Regularly back up your data: Some types of crypto-ransomware, like Akira, try to get people to pay ransoms by encrypting important files and asking money for the decryption keys. Businesses can get their data back without giving in to ransom requests if they back it up regularly and safely.

Careful Patch Management: Akira often breaks into networks by using VPN apps' security holes. It is very important to apply software fixes and updates at the right time to close these holes and stop ransomware from taking advantage of them.

Strong authentication protocols should be used: Akira specifically targets VPNs that don't have multi-factor authentication (MFA) and uses this weakness to make system attacks easier. Using multi factor authentication (MFA) on all work computers makes it much harder for ransomware to get past security measures with malware.

Adopt Network Segmentation: Ransomware usually has to move laterally through a network from where it enters to get to important data and encrypt it. By dividing the network into segments, it becomes harder for people to move laterally without being seen. This makes it safer for private data.

Ransomware Defense with Check Point: Ransomware is one of the most dangerous types of cyber threats, and it's always changing. It can affect both company security and the accuracy of data. The spread of Akira ransomware shows how important it is to have strong defenses against both the threat of losing data and the threat of putting private business and client information at risk.

Even though Akira is a fairly new type of ransomware, it has quickly become a very dangerous threat thanks to its clever ways of hiding itself and its dual strategy of encrypting data and blackmail, which is meant to get large ransoms from its victims.

A key part of keeping your business safe and running is stopping ransomware attacks before they happen. The CISO's Guide to Ransomware Prevention has a lot of information about how to stop ransomware dangers.

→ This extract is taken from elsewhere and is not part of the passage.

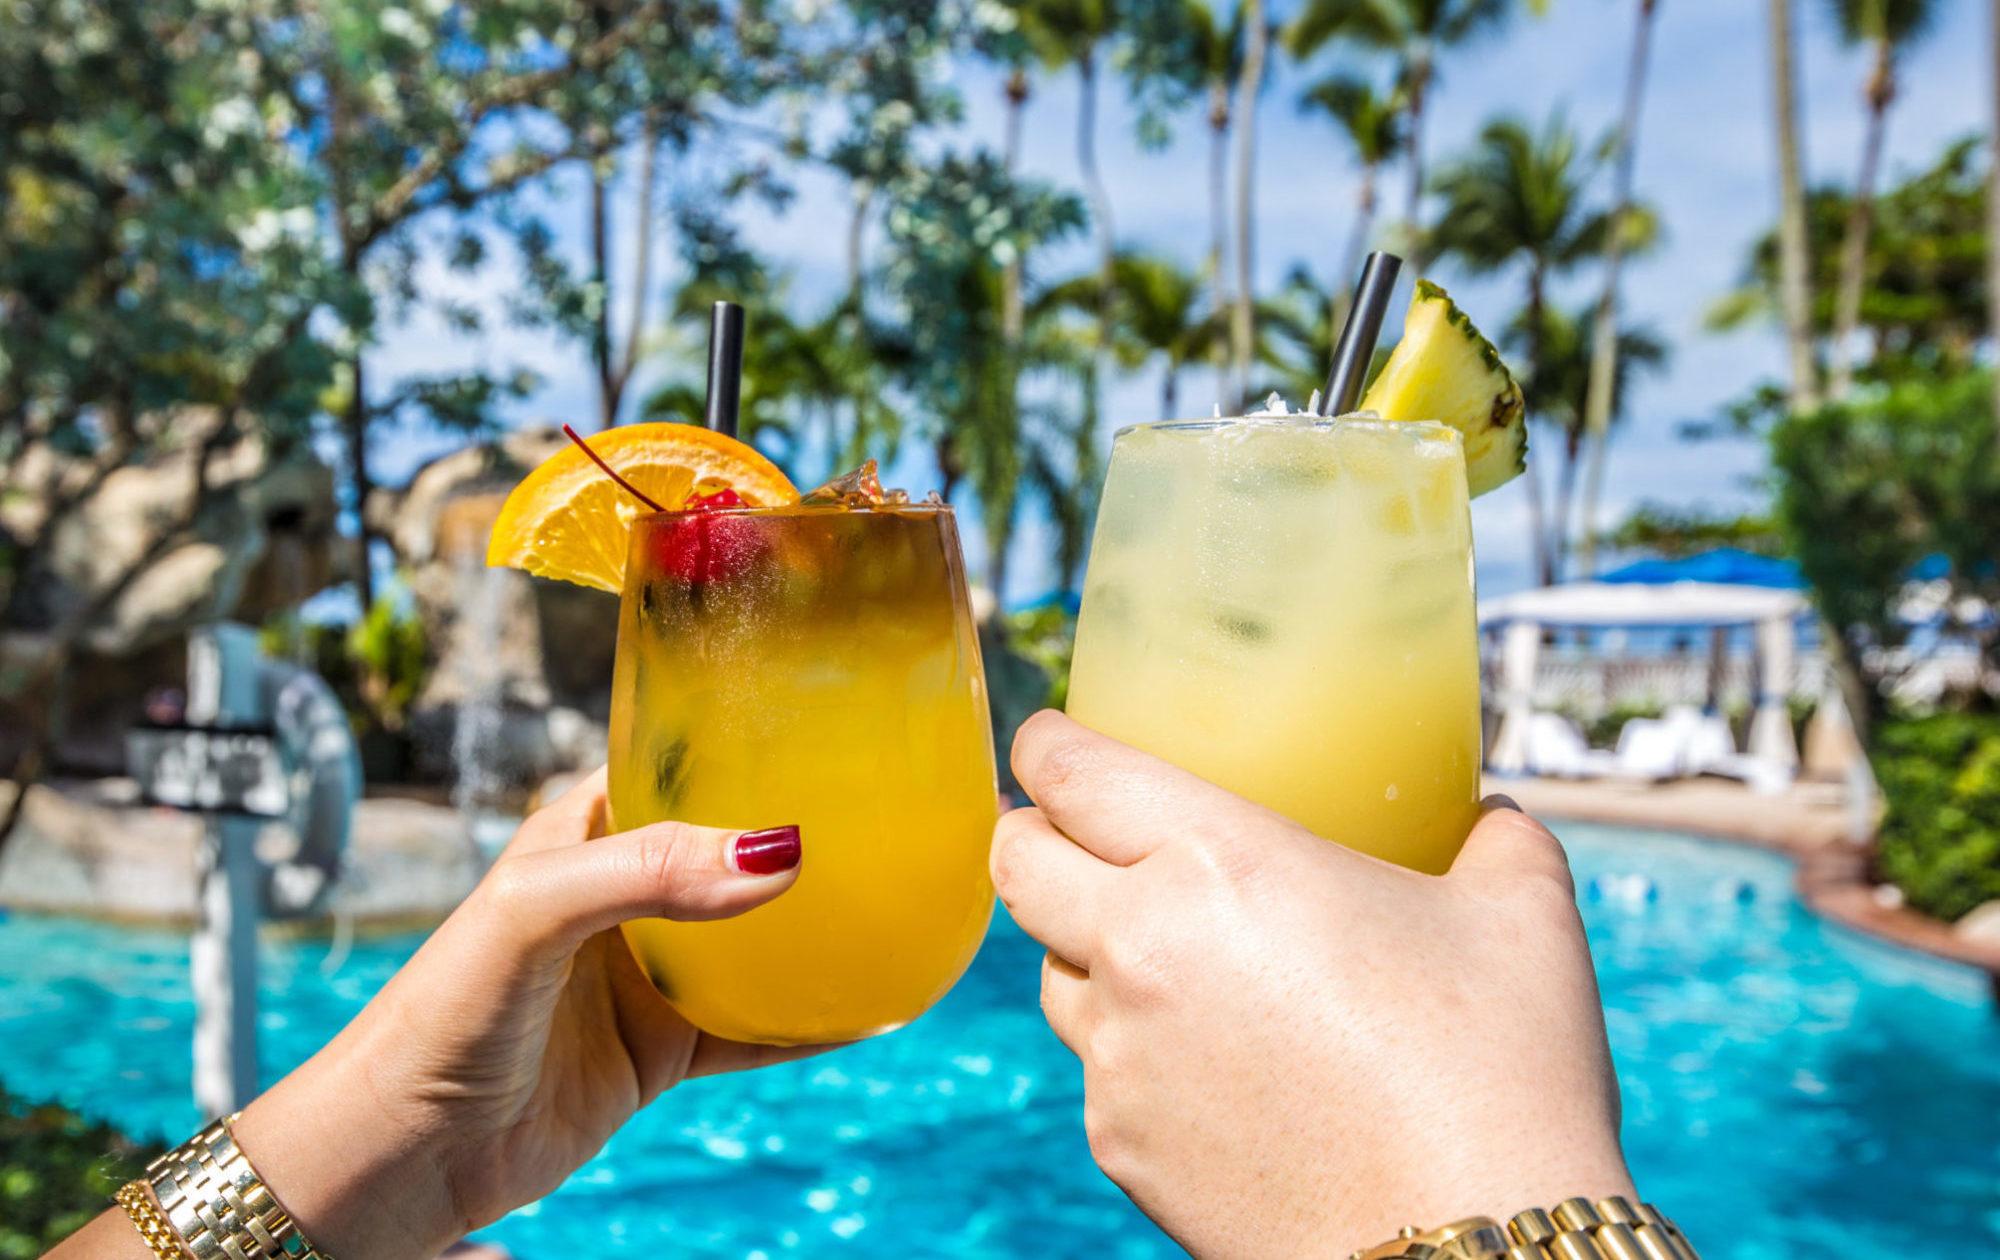 $100 for your next oceanfront getaway!

Many things need to be done to survive the storm of Akira Ransomware attacks. This includes a strong protection plan, thorough user education, and a plan for responding to incidents before they happen. As these threats get smarter, people and businesses need to stay ahead of them. They can do this by being very careful all the time and making sure that security measures are always up to date. Creating a culture of cybersecurity knowledge is also very important. It's not just technology that needs to be fought against Akira Ransomware. This also shows how strong and ready groups are to deal with cyber threats. We can lessen the effects by working together and sharing information and tools. With SafeAeon you can protect your computer worlds from future threats this way.